NMR investigation of the diffusion and conduction properties of the semiconductor tellurium. I. Electronic properties

Abstract

The Knight shift and spin-lattice relaxation time of ${}_{}{}^{125}{}_{}{}^{}\mathrm{Te}$ in tellurium single crystals have been measured between room temperature and the melting point (724 K) using pulsed-NMR methods. Over the entire temperature range, the temperature dependence of the Knight shift is found to be determined completely by the intrinsic conductivity associated with thermally created conduction electrons in the conduction band, and the band-gap energy is determined. The spin-lattice relaxation time shows different temperature variations in two different regions: below 420 K ("low-temperature region"), spin-lattice relaxation is due to the conduction electrons (thus yielding information on the gap energy), while above 420 K ("high-temperature region") the relaxation process is due to the self-diffusion of Te atoms.

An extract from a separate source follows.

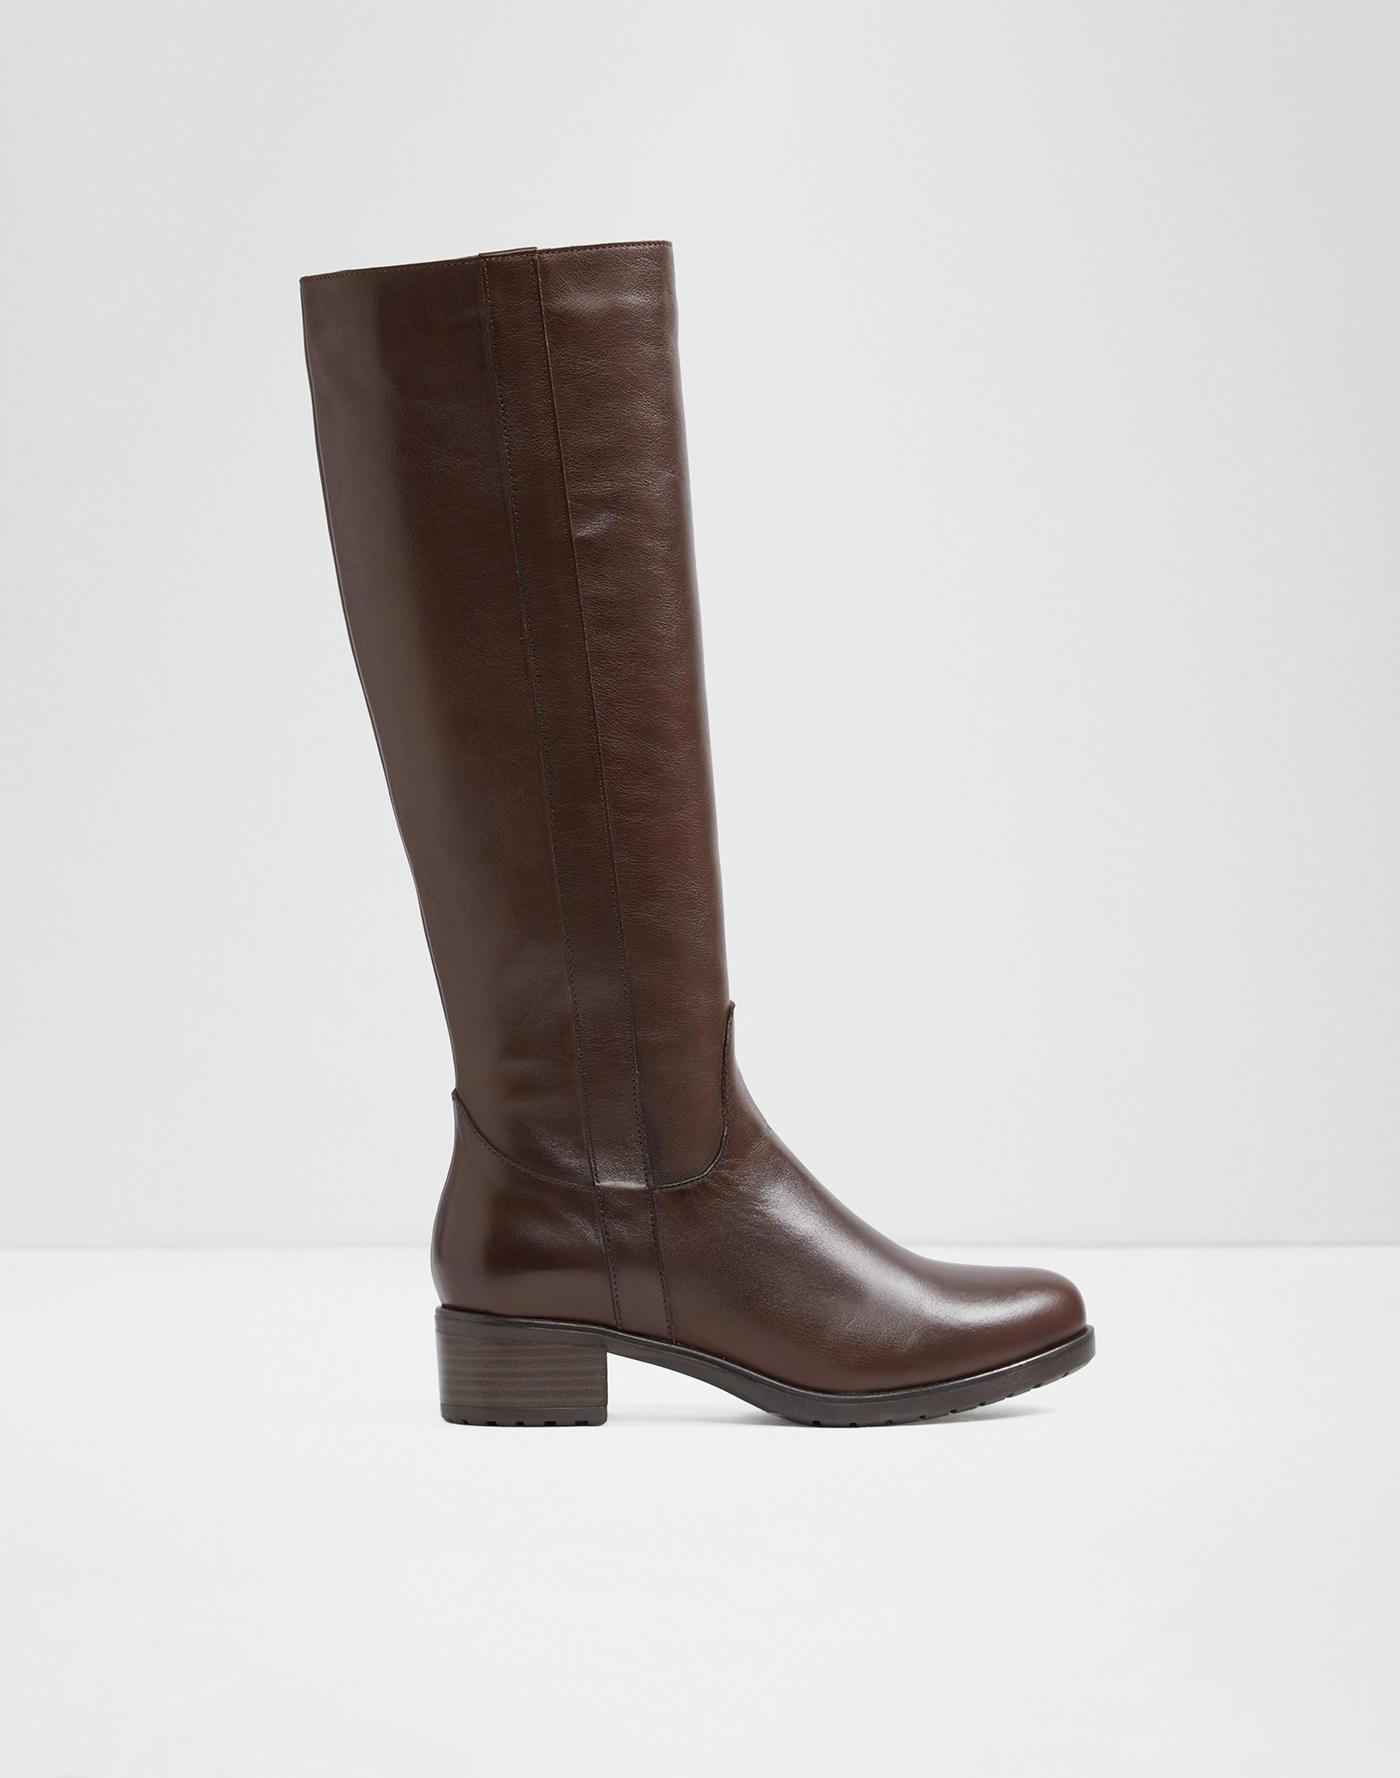 4c2c4a70b281 Knee-high boots

Our Knight-shift results are found to agree quantitatively with a modified Knight-Korringa relation valid for semiconductors, which was originally derived by Bloembergen and which is reconsidered in the theoretical part of this article. The electronic contribution to spin-lattice relaxation is analyzed in terms of Hebel and Slichter's single spin-temperature theory as applied to semiconductors. The same gap energy, $E_g=0.30\mathrm{}$ eV, is found from both our Knight-shift and spin-lattice relaxation data. The self-diffusion properties of tellurium as extracted from our high-temperature relaxation studies will be the subject of a subsequent article.